→ AVAILABLE DATA

^^^^^^^^^^^^^^^^

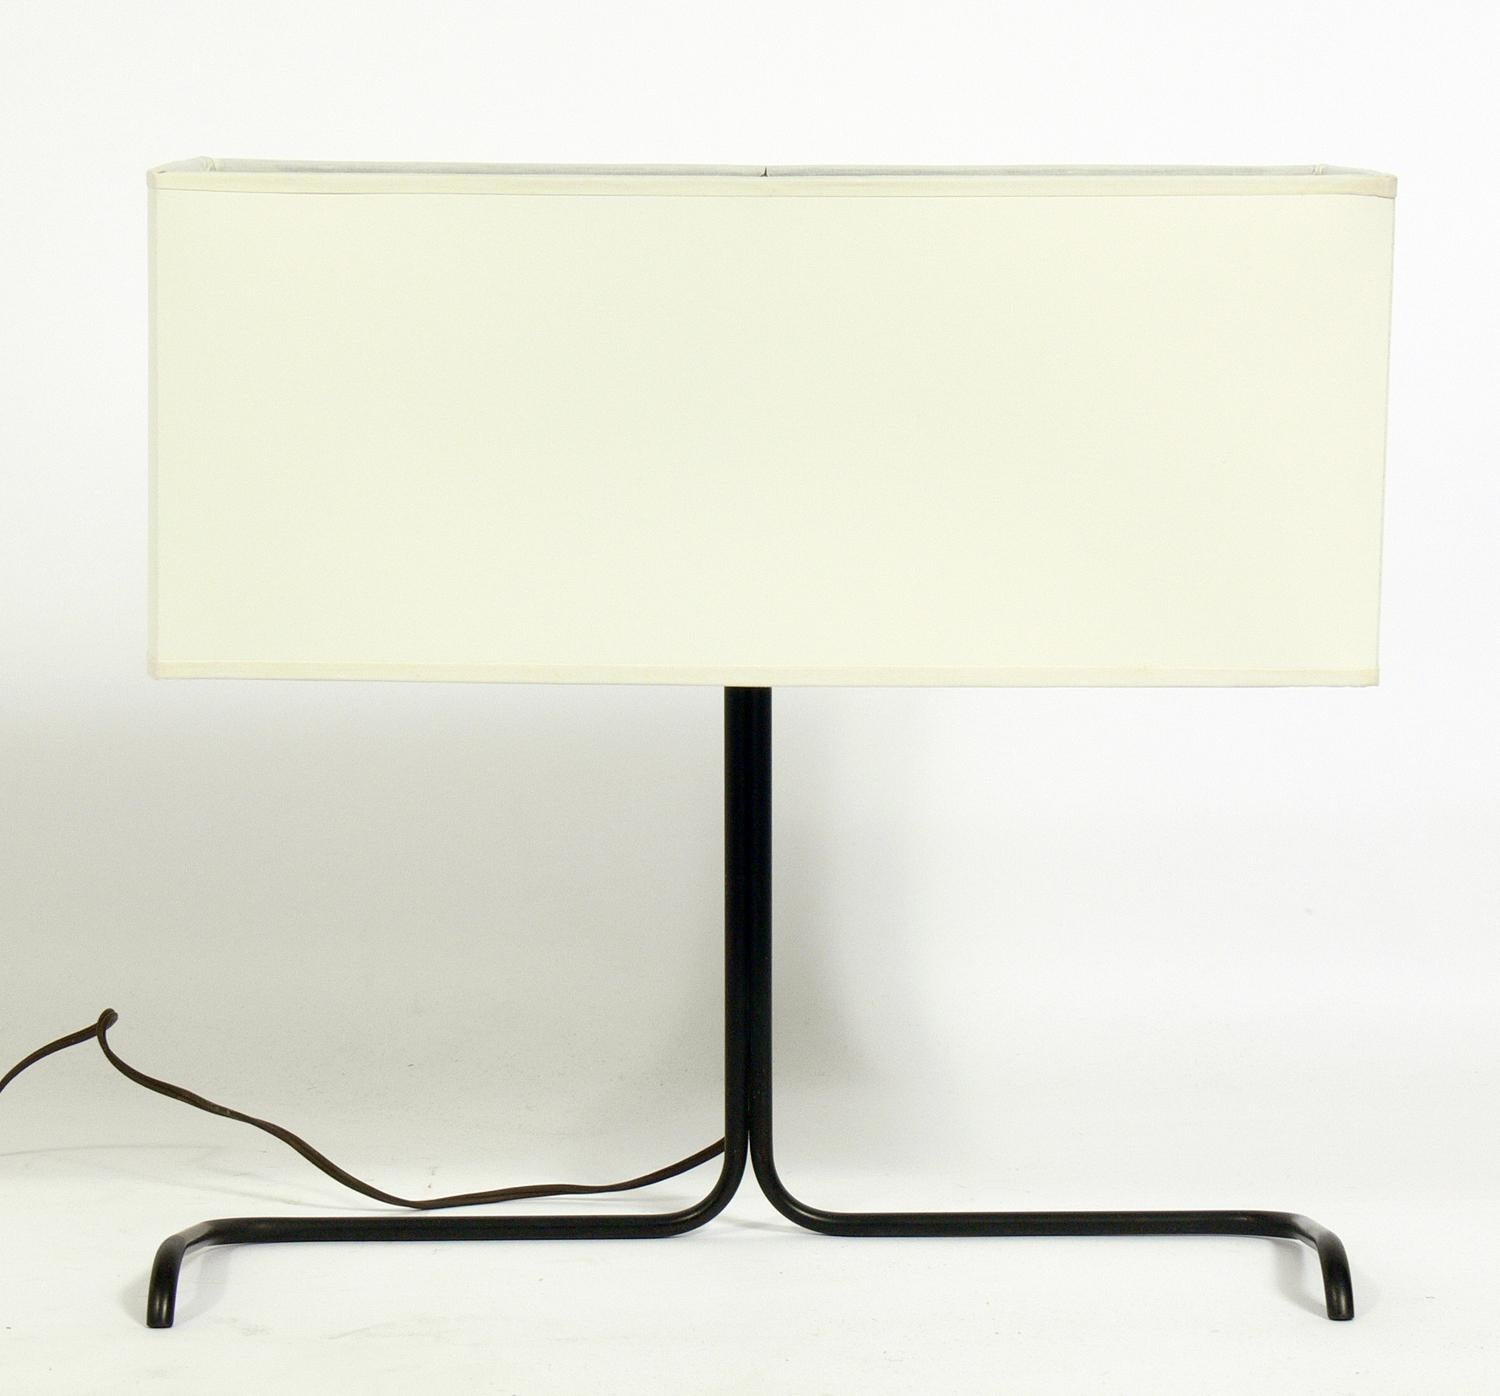 Rare cantilevered desk lamp by Gerald Thurston for Lightolier, American, circa 1950s. Paper lamp shade has been accurately replaced using the original shade frame.
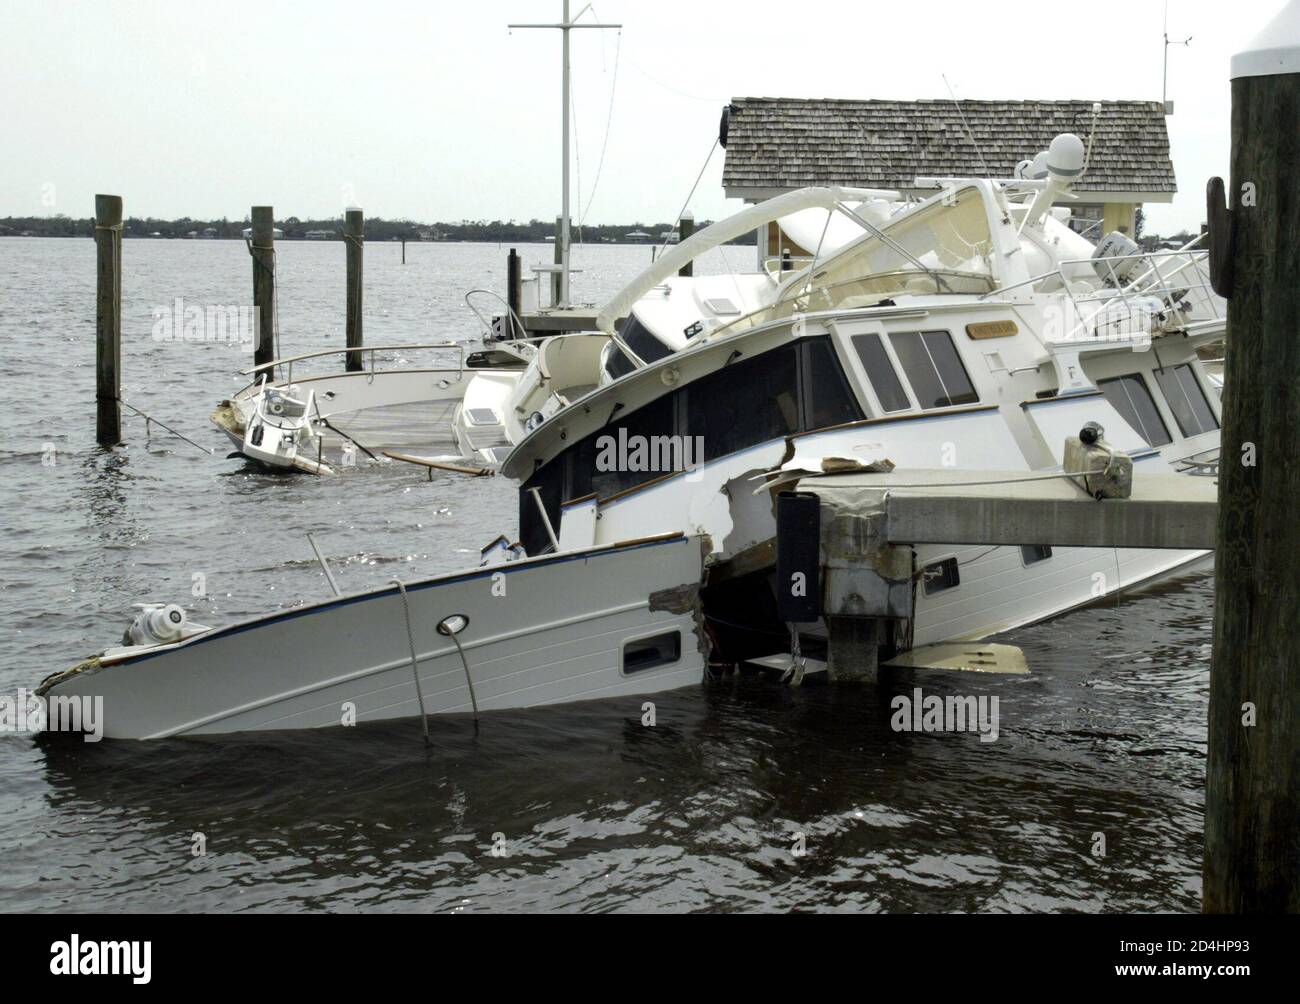 A yacht named 'Another Day' lies sunk as a result of Hurricane Frances, with its hull smashed in on Hutchinson Island near Port St. Lucie, Florida, September 6, 2004. [President George W. Bush will visit Florida on September 8 and has asked the U.S. Congress for two billion dollars in emergency aid for the hurricane ravaged state.] Stock Photo
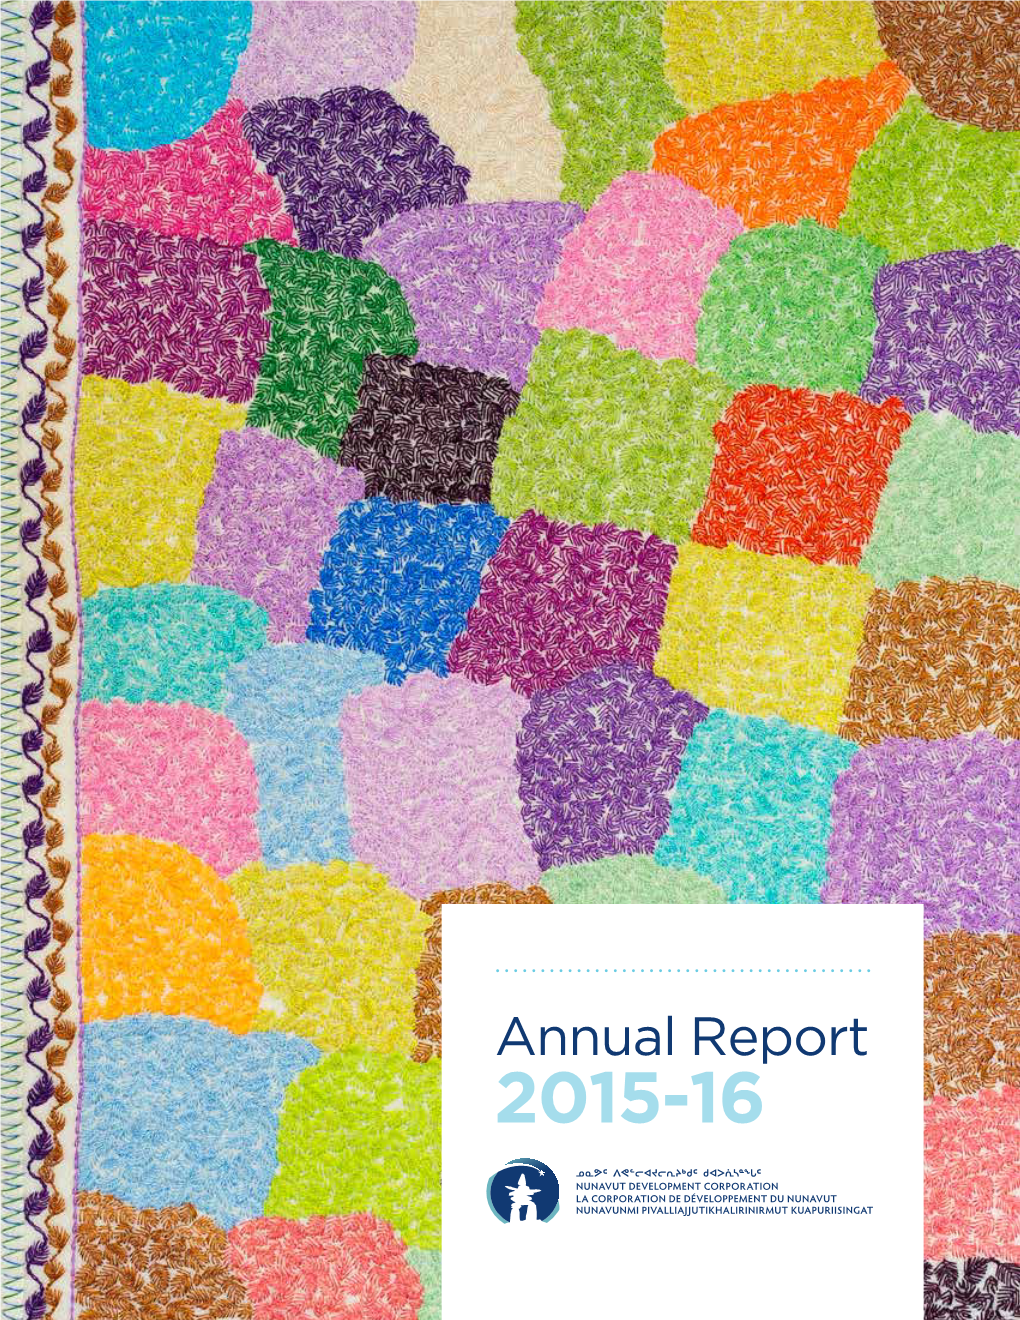 Annual Report 2015-16 Table of Contents
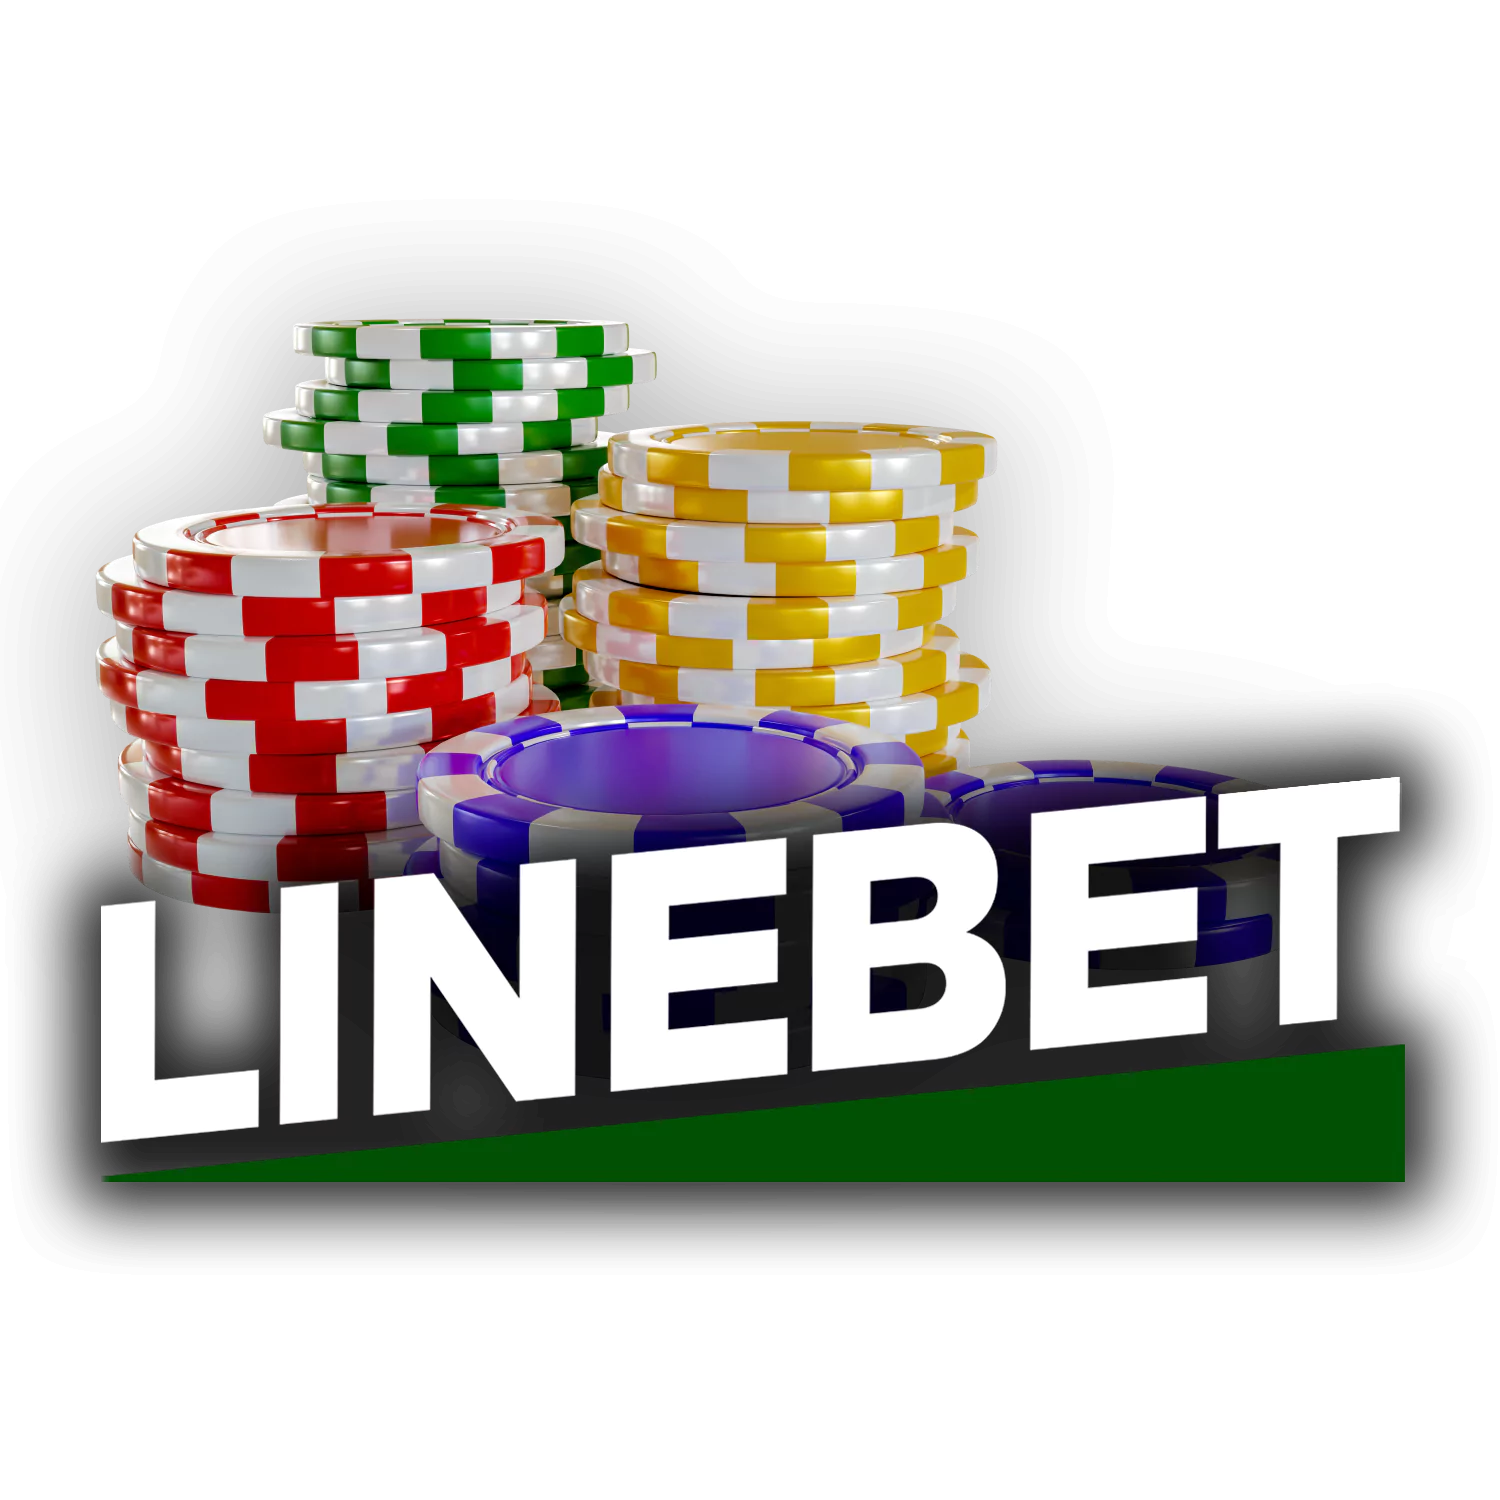 Follow the rules for playing responsibly on Linebet.

^^^^^^^^^^^^^^^^

→ REQUIREMENT
Every line of the material must be repeated exactly; pictures stay out.

→ WORKED SOLUTION
 Rare cantilevered desk lamp by Gerald Thurston for Lightolier, American, circa 1950s. Paper lamp shade has been accurately replaced using the original shade frame.
 A yacht named 'Another Day' lies sunk as a result of Hurricane Frances, with its hull smashed in on Hutchinson Island near Port St. Lucie, Florida, September 6, 2004. [President George W. Bush will visit Florida on September 8 and has asked the U.S. Congress for two billion dollars in emergency aid for the hurricane ravaged state.] Stock Photo
 Annual Report 2015-16 Table of Contents
 Follow the rules for playing responsibly on Linebet.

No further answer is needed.